Zu den häufigsten Gesundheitsproblemen des Alters zählen Demenzerkrankungen. Man versteht darunter Störungen geistig-seelischer Leistungen des Gedächtnisses, des Denk- und Orientierungsvermögens sowie der Sprache. Aufgrund dieser Störungen wird die Bewältigung des Alltags erschwert. Die jeweilige Symptomatik ist abhängig von den zugrunde liegenden Krankheitsprozessen.
Demenzerkrankungen können viele Ursachen haben, wobei die Alzheimer-Krankheit die häufigste ist. Rund 70% aller Demenzen werden durch sie hervorgerufen. Bei dieser Krankheit gehen in bestimmten Bereichen des Gehirns allmählich Nervenzellen zugrunde. Sie wurde nach dem Neurologen Alois Alzheimer benannt, der sie 1906 zum ersten Mal beschrieben hat.

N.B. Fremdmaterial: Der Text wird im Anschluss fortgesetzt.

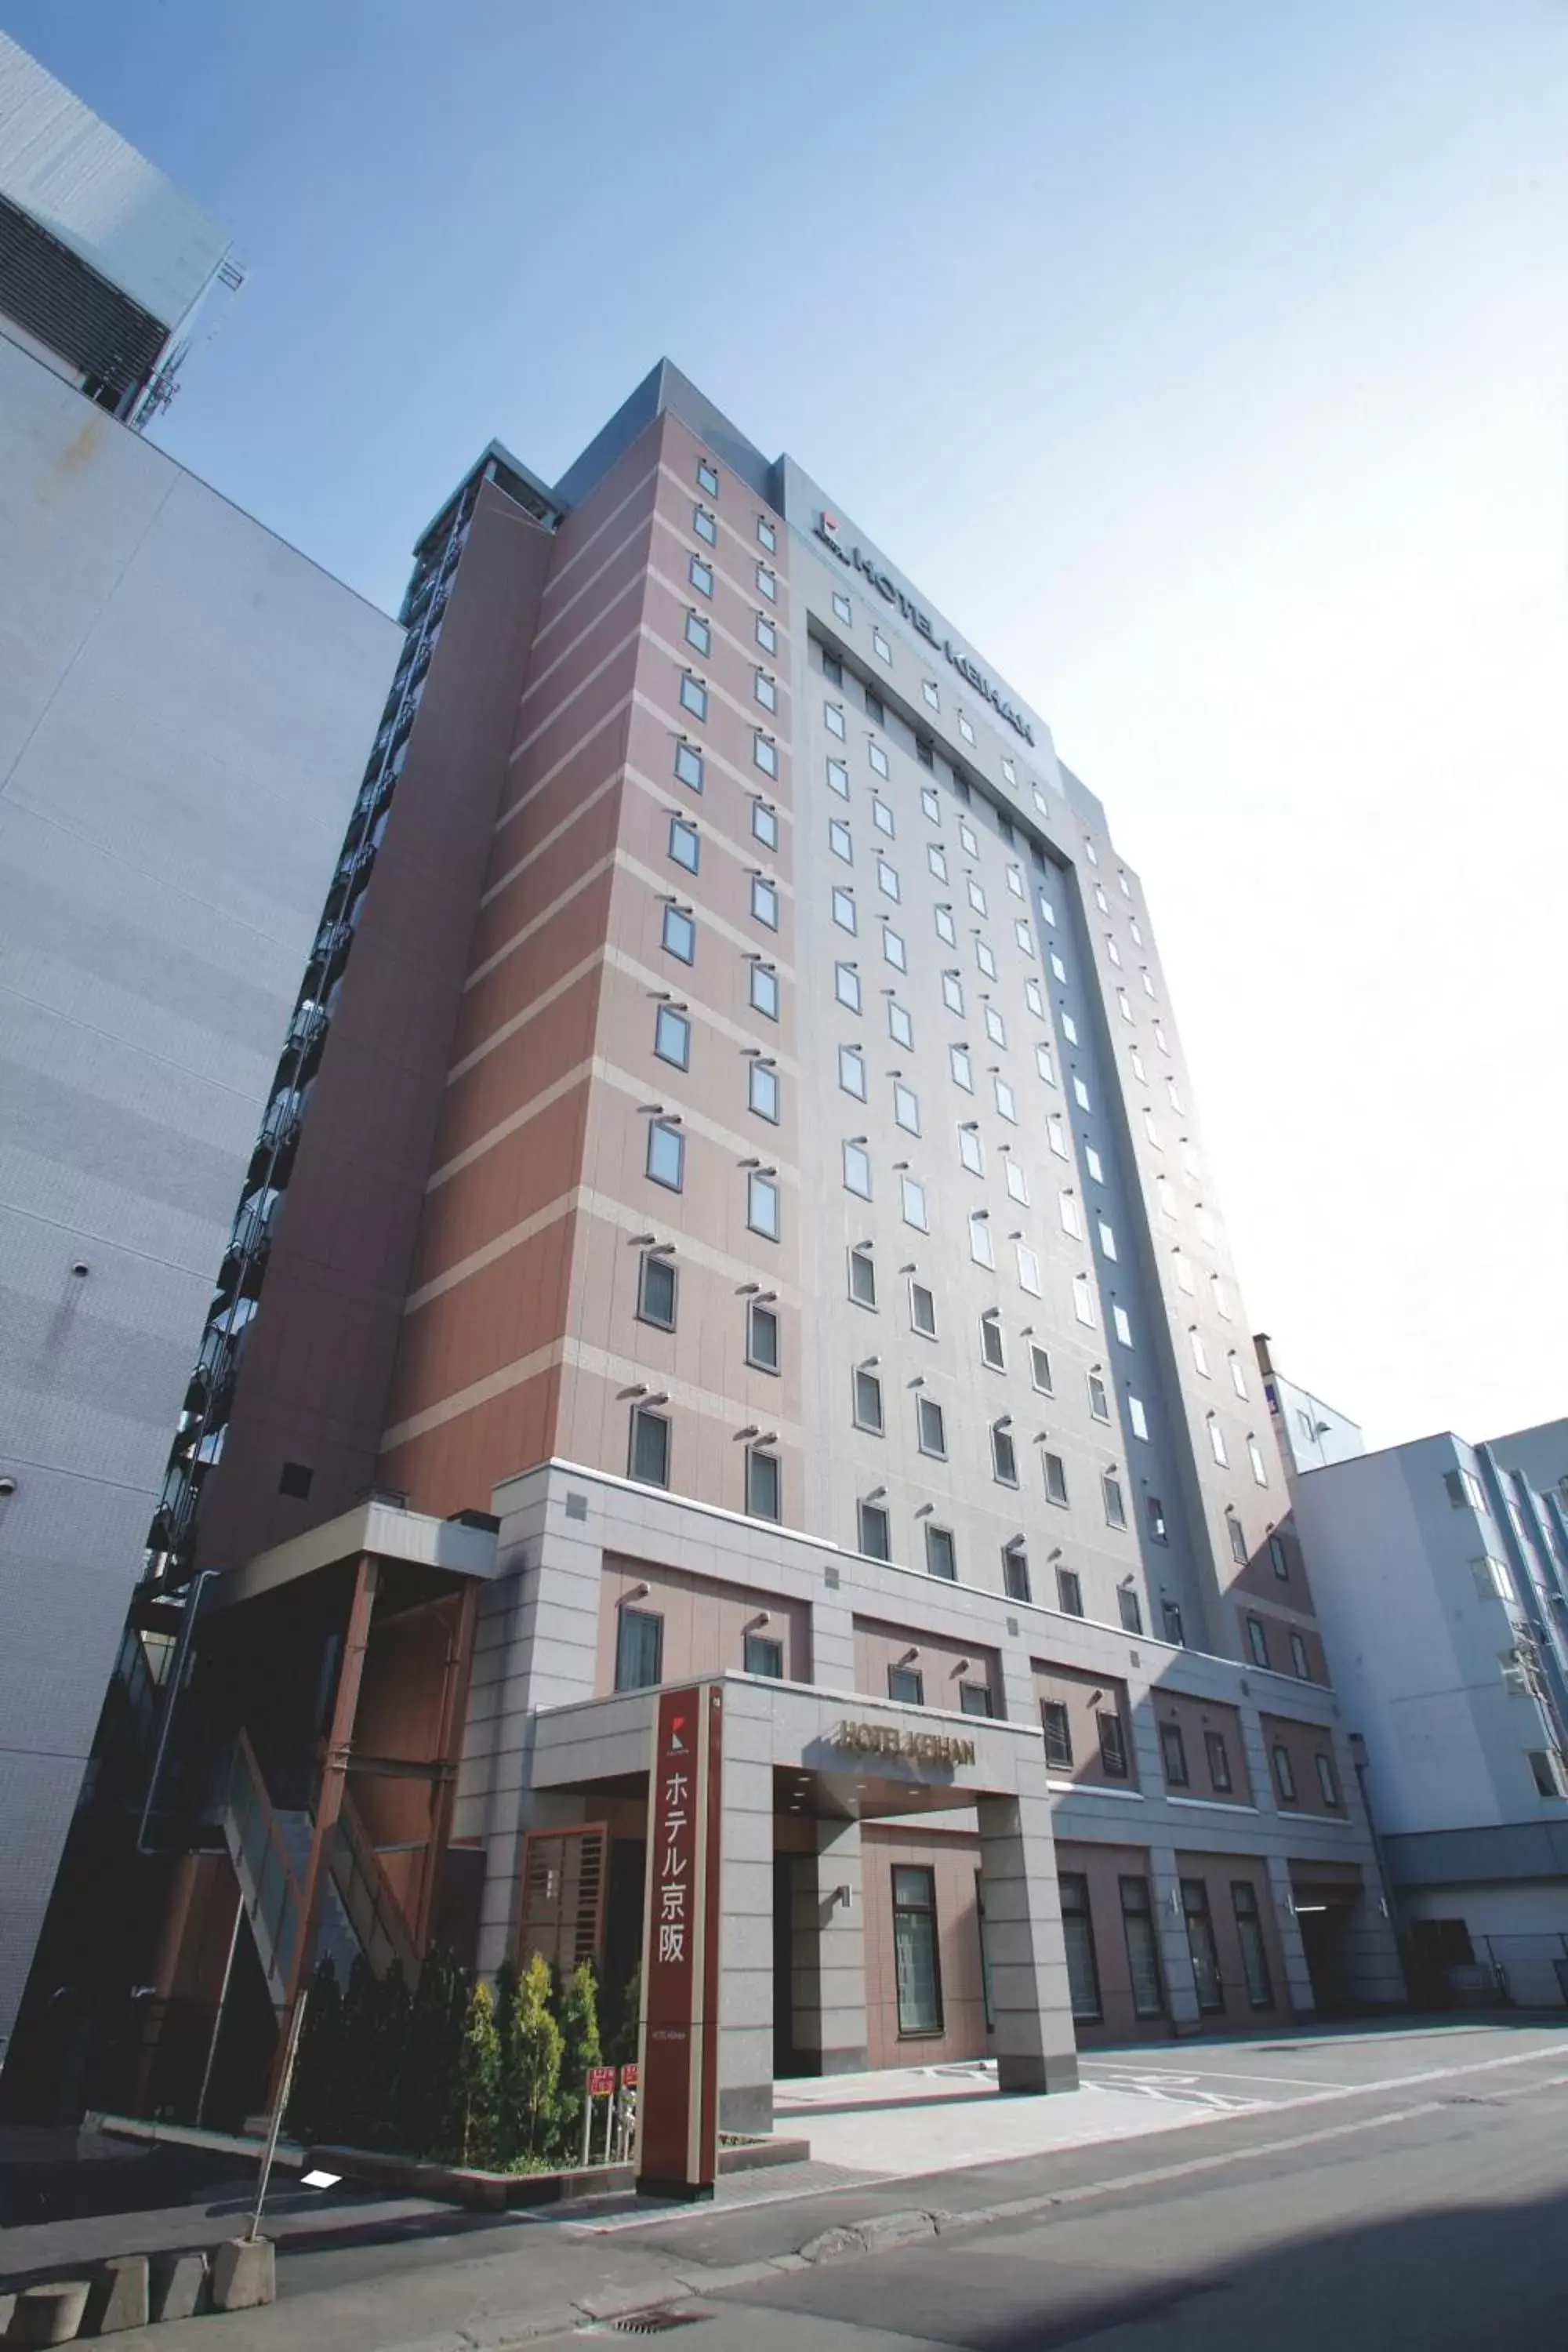 Facade/entrance, Property Building in Hotel Keihan Sapporo

Auch Durchblutungsstörungen des Gehirns können Alzheimer-ähnliche Symptome verursachen, wenn sie beispielsweise zu wiederholten Hirninfarkten führen. Man spricht dann von einer vaskulären Demenz.
Die Häufigkeit von Demenzerkrankungen nimmt mit dem Lebensalter zu: in der Altersgruppe 70 bis 74 sind ca. 3% betroffen, in der Altersgruppe 85-89 sind es bereits über 20%. Obwohl das Risiko für eine Demenzerkrankung mit dem Alter steigt, ist die Bezeichnung "Altersdemenz" unzutreffend, denn das Alter an sich löst keine Demenz aus.
Zur Zeit leiden in Deutschland etwa 1 Million Menschen an mittelschwer und schwer ausgeprägten Demenzerkrankungen. Da die Zahl der alten Menschen in den nächsten Jahren zunehmen wird, werden im Jahre 2005 etwa 1,2 Millionen Menschen betroffen sein. Bis zum Jahr 2050 wird sich die Zahl auf etwa 2 Millionen erhöhen.